__Provided records__
..........
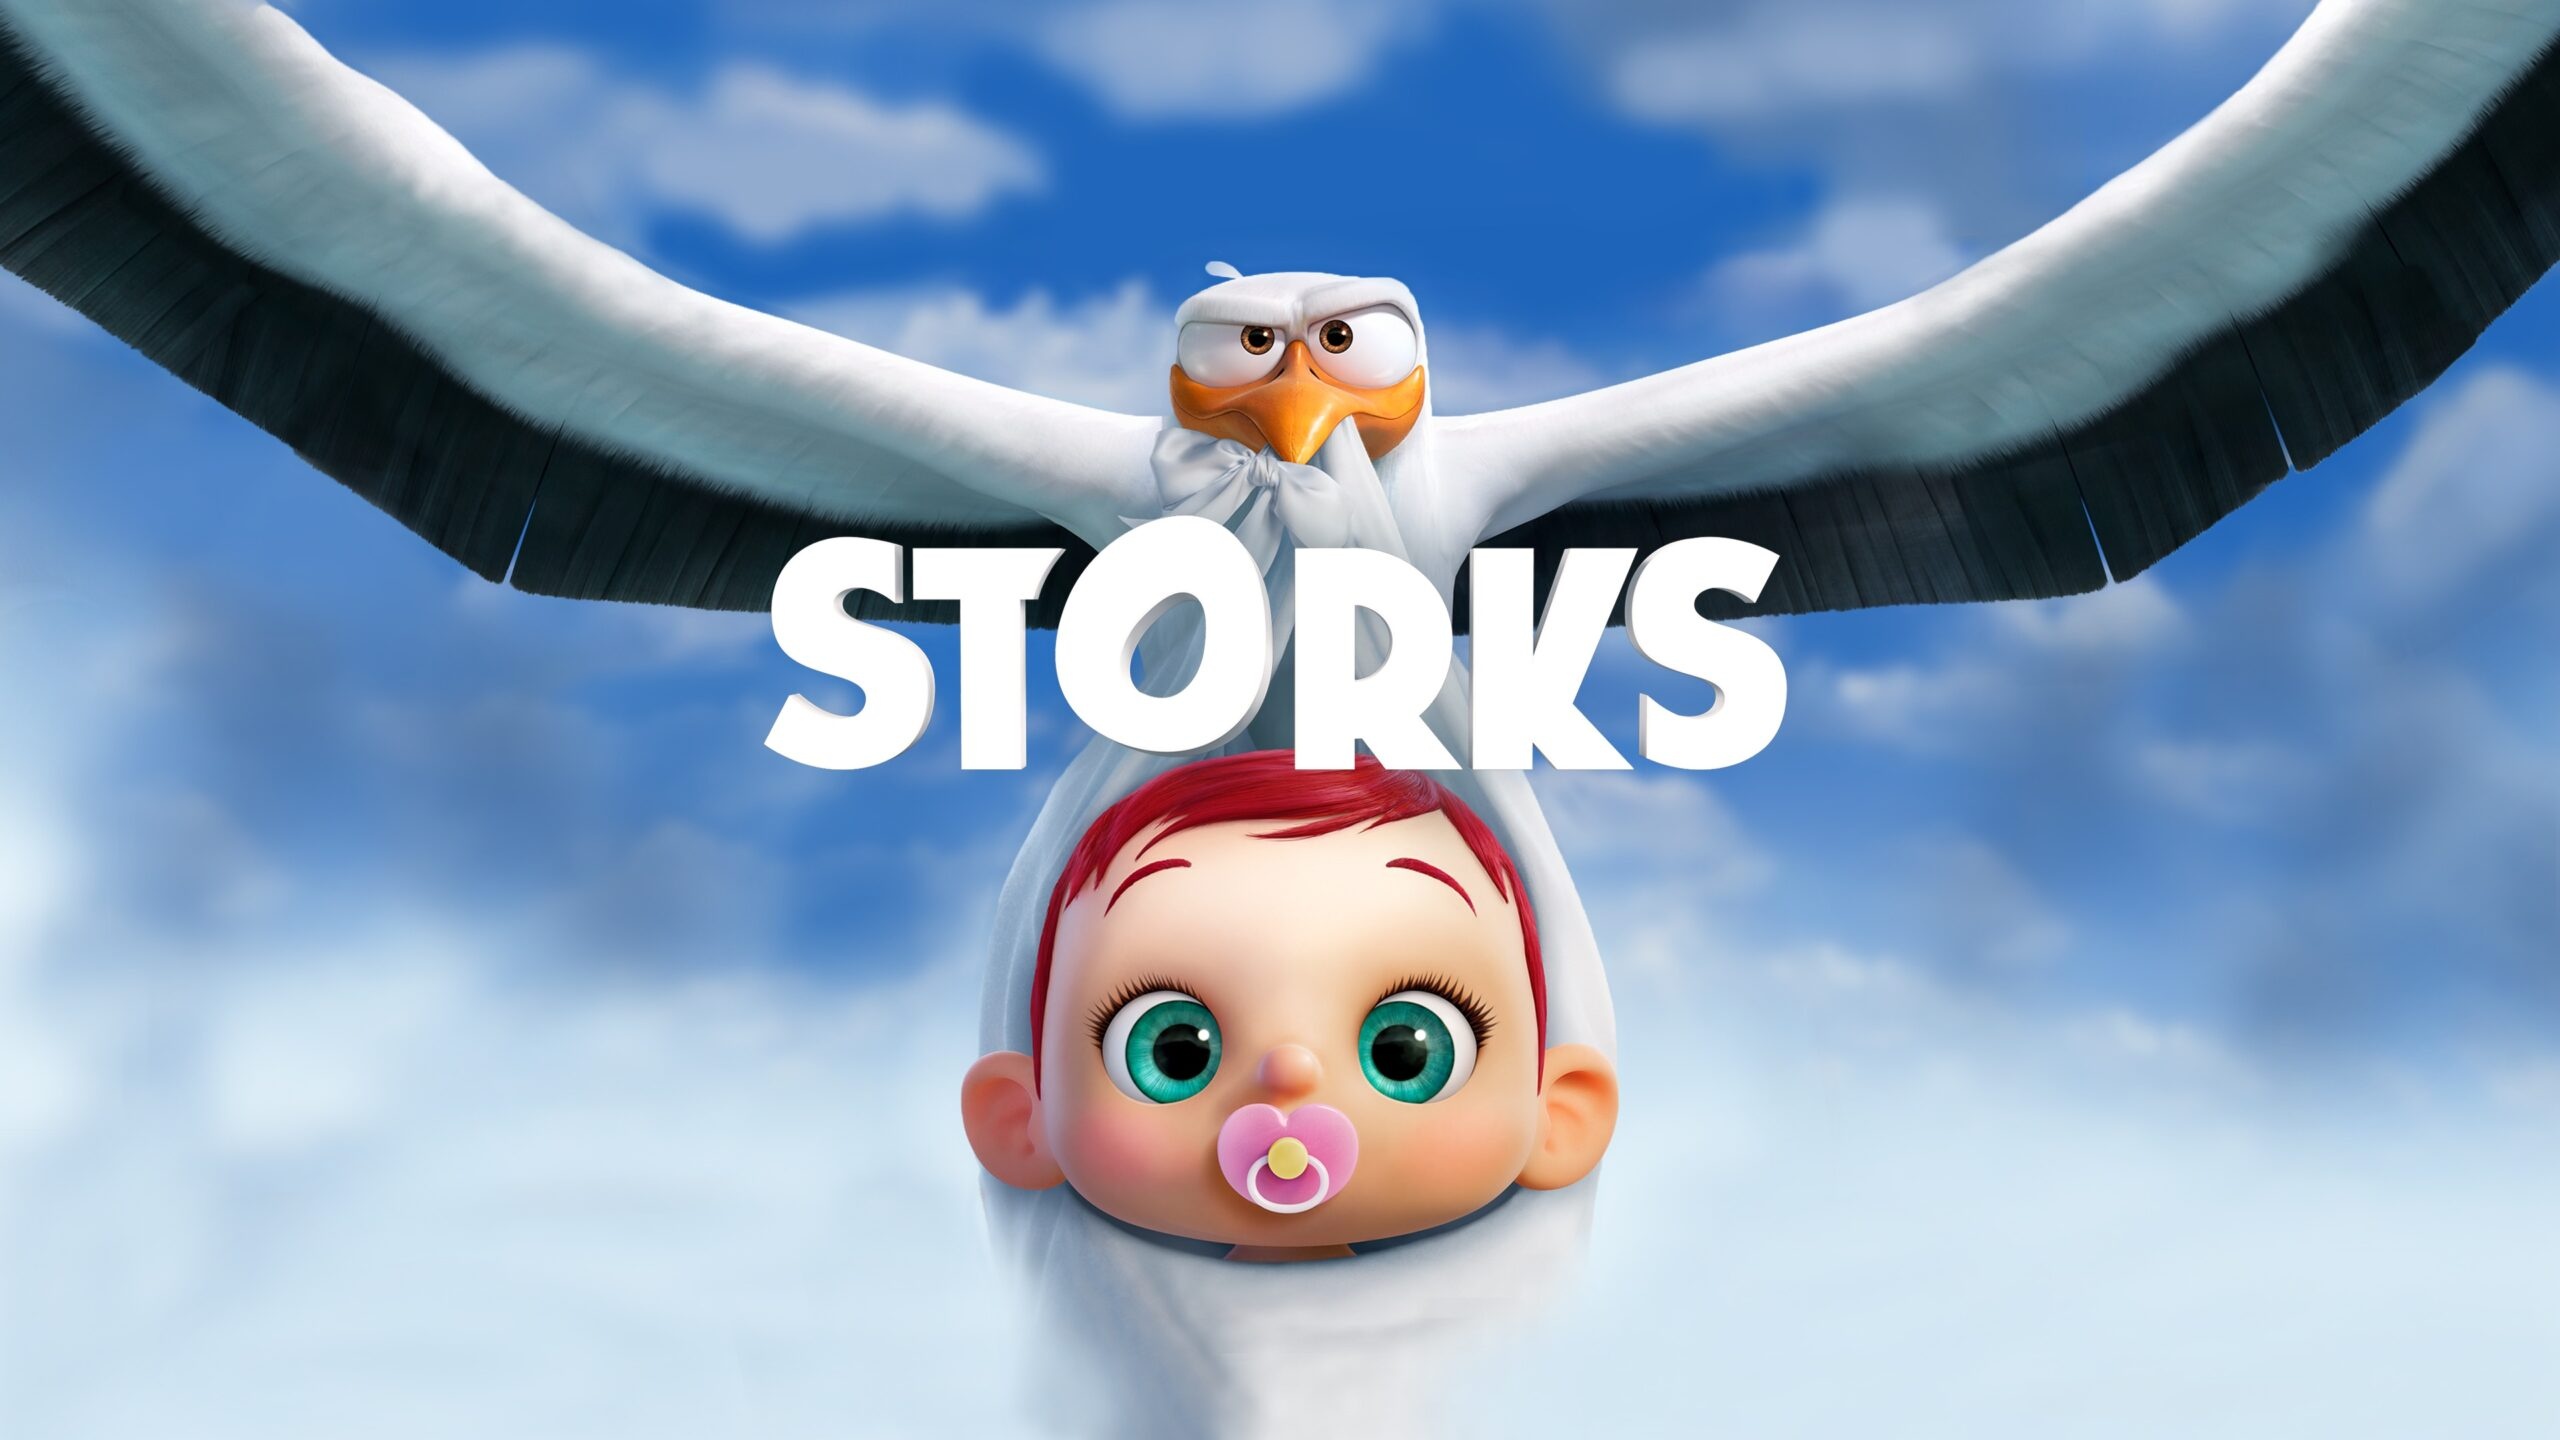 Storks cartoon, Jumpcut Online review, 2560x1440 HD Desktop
..........
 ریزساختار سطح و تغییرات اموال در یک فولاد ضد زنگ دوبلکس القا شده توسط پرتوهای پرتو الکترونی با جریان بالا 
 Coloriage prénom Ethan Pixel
..........
__Problem__
Above are records; repeat only the lines starting at the line with "ریزساختار سطح و" and ending at the line with "Coloriage prénom Ethan Pixel", exactly as they appear, both included.

__Solution for this exercise__
 ریزساختار سطح و تغییرات اموال در یک فولاد ضد زنگ دوبلکس القا شده توسط پرتوهای پرتو الکترونی با جریان بالا 
 Coloriage prénom Ethan Pixel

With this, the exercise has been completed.